First you need to download the Casia-Webface for trainning and LFW-funneled for validation and testing and icbrw to test in surveillance environments.
- Casia-Webface: https://paperswithcode.com/dataset/casia-webface
- LFW-funneled: http://vis-www.cs.umass.edu/lfw/
- ICB-RW: http://icbrw.di.ubi.pt/
To obtain better results, we need to align the faces.
You can align all datasets using align_dataset_mtcnn.py
(from https://github.com/davidsandberg/facenet).
Unfortunately, the tensorflow version was outdated so the following minor changes had to be made in align_dataset_mtcnn.py
:
remove the value, feed_in, dim = (inp, input_shape[-1])
#need to import the following packages
import tensorflow.compat.v1 as tf #ignore the red warning
import imageio # to replace misc.imread() as format: imageio.imread(os.path.join(emb_dir, i))

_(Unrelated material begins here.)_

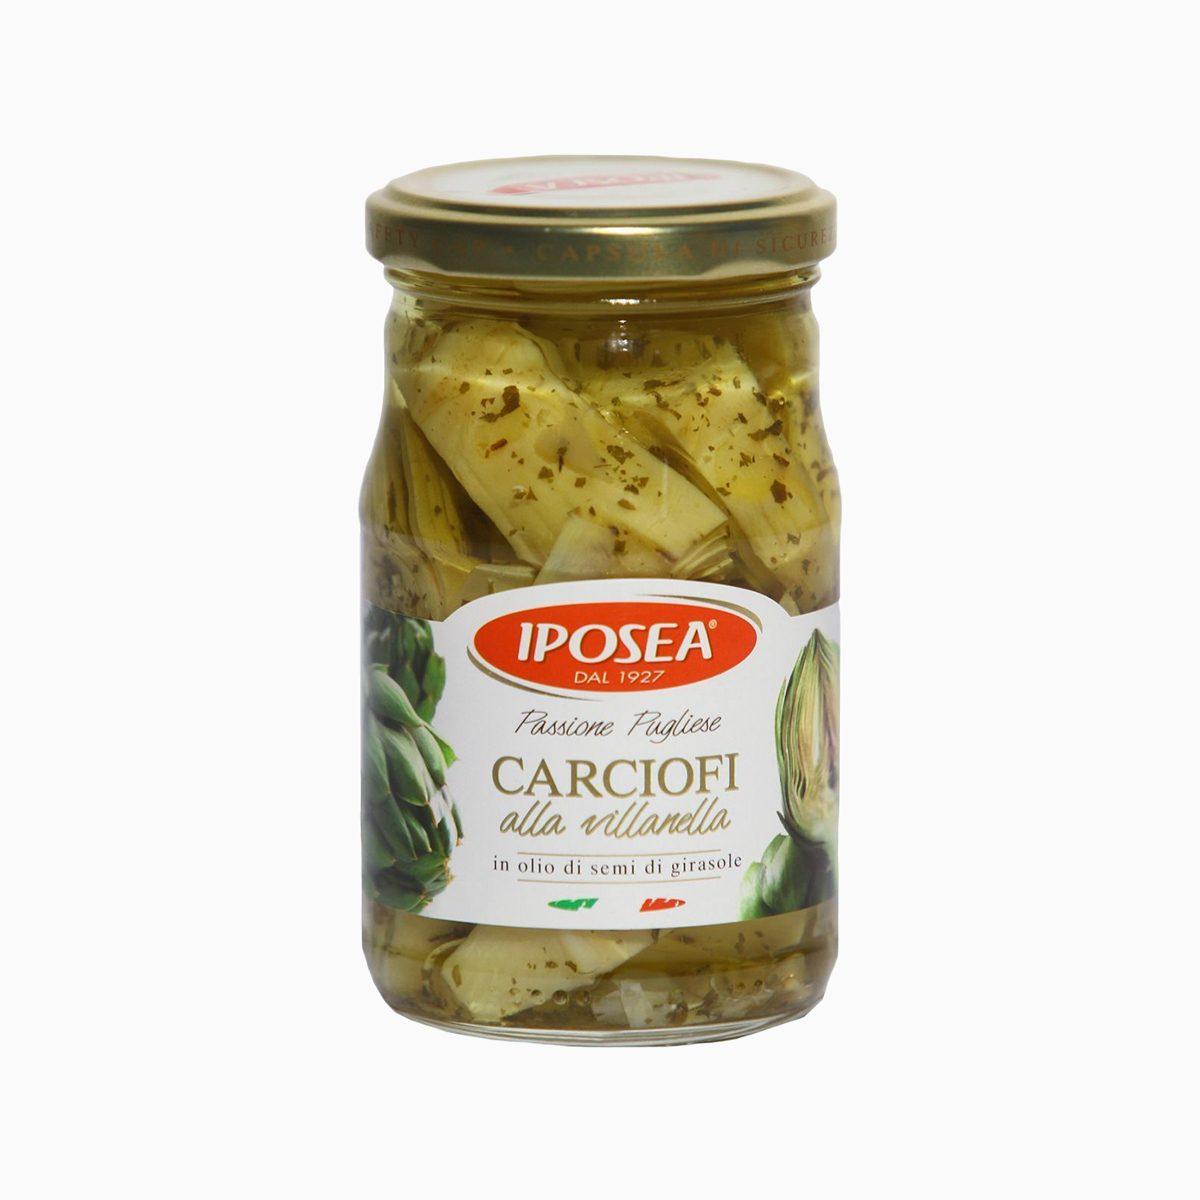 Артишоки резаные в масле, Iposea, 290 гр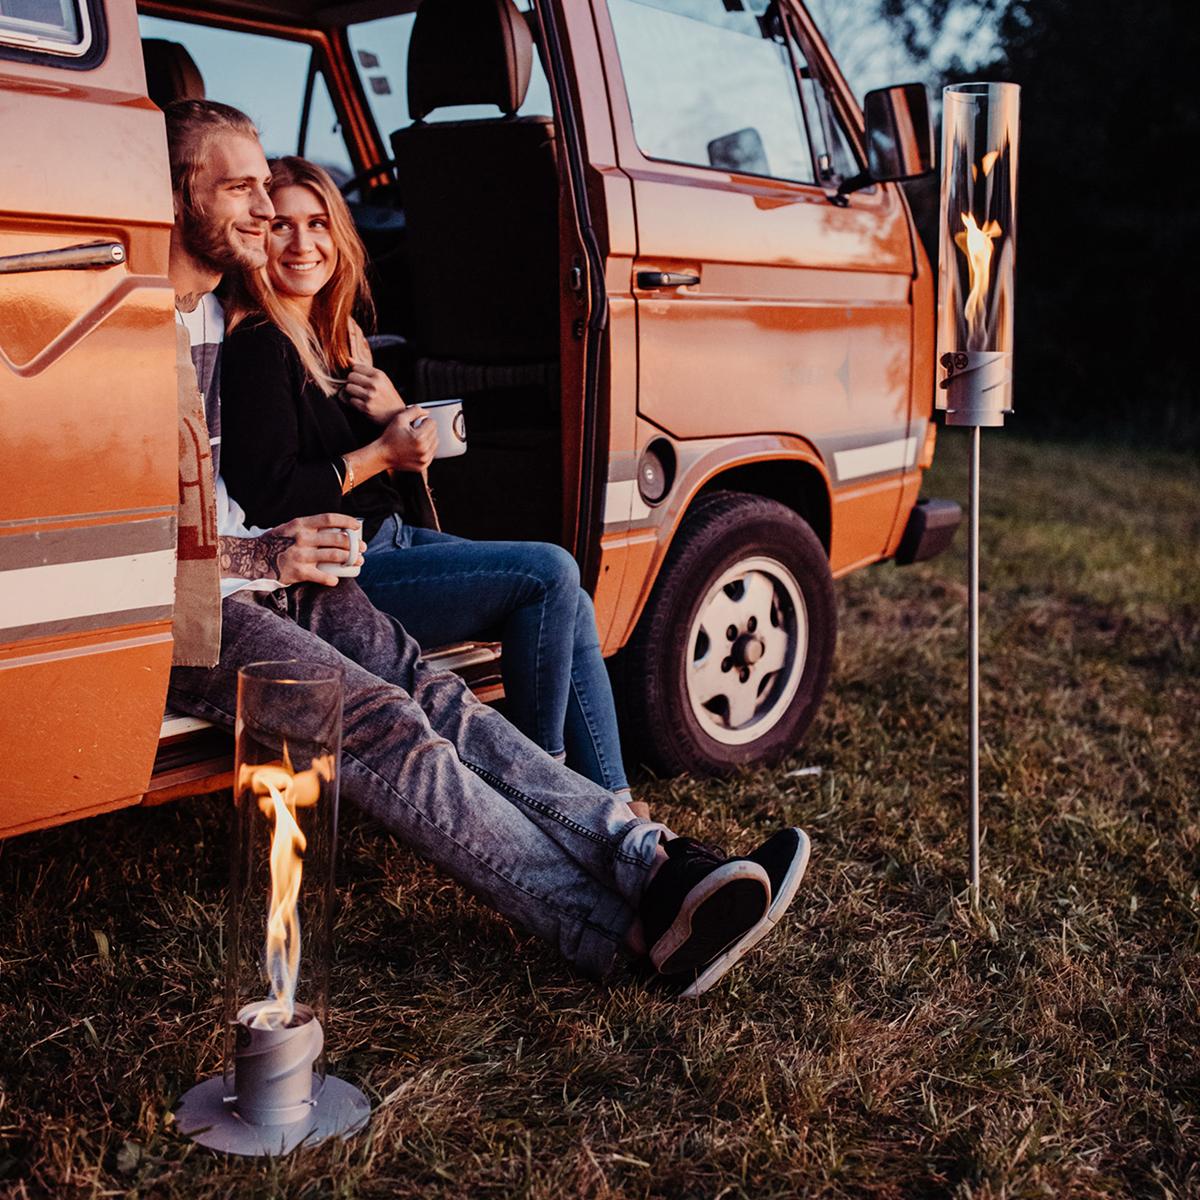 複数セットを篝火(かがりび)のように飾れば、屋外のムードも盛り上がるはず。煙突効果で炎が廻りながら上昇!煙が出にくい安全燃料の「テーブルランタン&ガーデントーチ」|Hofats SPIN(ホーファッツ スピン)

from PIL import Image # to replace misc.resize as format: scaled = np.array(Image.fromarray(cropped).resize((args.image_size, args.image_size), Image.BILINEAR))
#add this things to the code
In the script detect_face.py
change:
Row 85, replace as format: data_dict = np.load(data_path, encoding='latin1', allow_pickle=True).item()
Finally, you need to change the path of the directories in run_align.sh
and then run the script.
At this stage, you need to split the training dataset in 80% of the photos to train and 20% for validation. You can use create_train_test_splits.py
to do that.
The config.yml
file contains all the configurations necessary to train, test, prepare the data, to create the pairs for the ICB-RW and the paths to use to do evaluation.
To train the model you need to change the following paths according to the location of your files:
- train-path;
- validation-path.
If you want to run the custom callback for lfw in the end of each epoch change the following parameters:
- lfw-callback;
- lfw-callback-pairs.
If you don´t want to do this custom callback you have to change the following lines in train.py
.
Comment line 81
Change callbacks at line 88 to: callbacks=[modelCheckpoint_callback]
Finally, it's possible to run the file as python3 train.py
- Baseline: Train with no align dataset and test with no align dataset and without L2 normalization;
- Align: Train with align dataset and test with align dataset
- Align-L2: Train with align dataset. Test with align dataset, using L2 normalization for the features and calculate euclidean distance between the features
- Align-L2-CosineSim: Train with align dataset. Test with align dataset, using L2 normalization for the features and calculate cosine similarity.